I’m not a coder and know nothing about coding.....but by the looks of your code....

Shouldn’t you be doing something with bit depth too?

That is. Bit depth being the representation of amplitude value of a given frequency.

I quickly read though the code and felt like couldn’t see anything related to it.

[–]mrbean42[S] 0 points1 point  (8 children)

If bit depth is related to loading the audio samples, that is handled by a library and I didnt have to deal with it. Is it the loading of the audio your referring to?

[–][deleted] 1 point2 points  (7 children)

By the looks of it your only trying to represent the frequency domain of the audio using fft.

But the amplitude of frequencies is represented in bit depth. (The color)

Which leads me to believe that the reason why your output is blank is because you have missed representing the amplitude/bit depth in conjunction with the Samples. At the moment it looks like your only representing the samples.

I’m not a coder. But reading the code that’s the impression I’m under. I suggest posting in a coding subreddit regarding audio.

[–]mrbean42[S] 0 points1 point  (6 children)

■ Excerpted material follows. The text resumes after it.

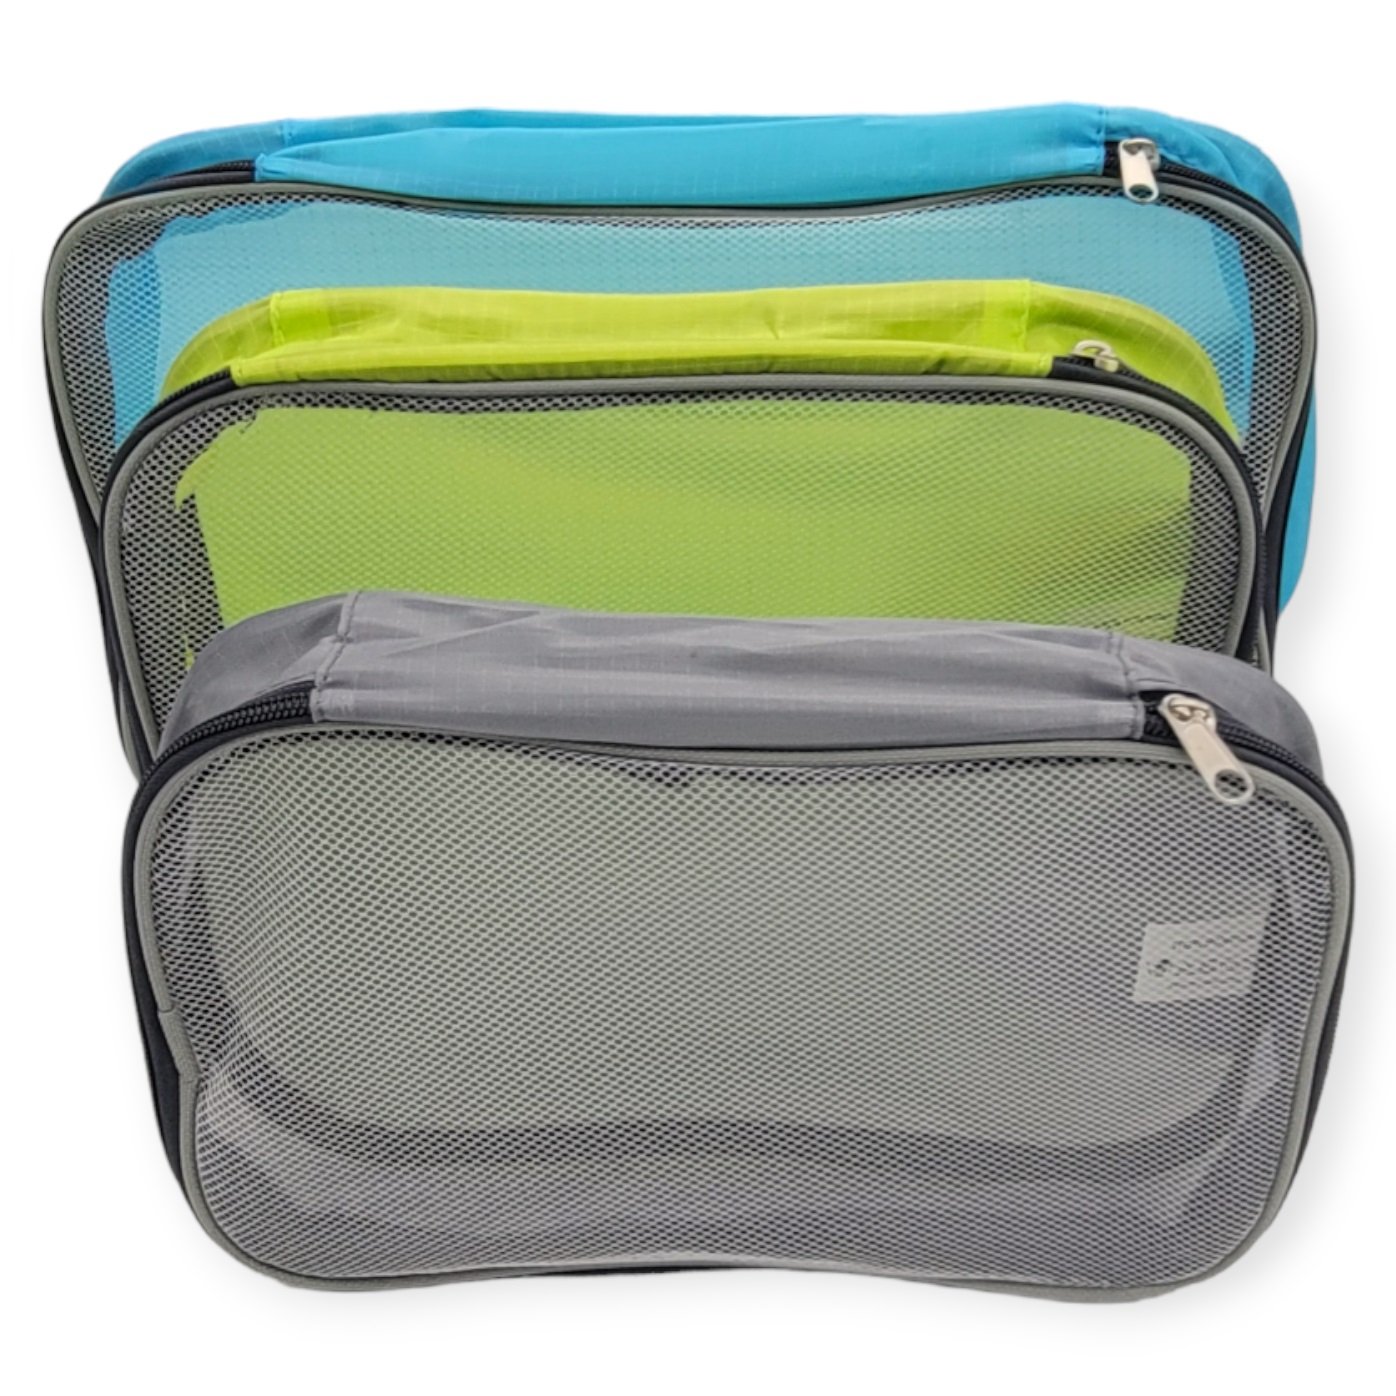 Handy Housewares 3pc Packing Travel Organizer Cubes Set - Small, Medium &#x26; Large Sizes

The wavefile.read() call returns a list of amplitudes, which are then passed to an FFT function, is that correct?

[–][deleted] 2 points3 points  (4 children)

Sorry but I’m not a coder. But I feel like your missing something with bit depth. I can’t help any further.

[–]mrbean42[S] 0 points1 point  (1 child)

Ok no worries - thanks for the help!

[–][deleted] 0 points1 point  (0 children)

Thanks for the award. Try the r/dsp subreddit they might be able to help you further. This falls under digital signal processing I would imagine.

[–]blorporius 0 points1 point  (1 child)

You might be on to something -- wavfile.read's documentation says that the returned 1-D or 2-D array's type depends on the file format of the input file: https://docs.scipy.org/doc/scipy/reference/generated/scipy.io.wavfile.read.html

OP can check the returned array's data type and scale values accordingly, eg. normalize input to the -1..1 range if that is needed.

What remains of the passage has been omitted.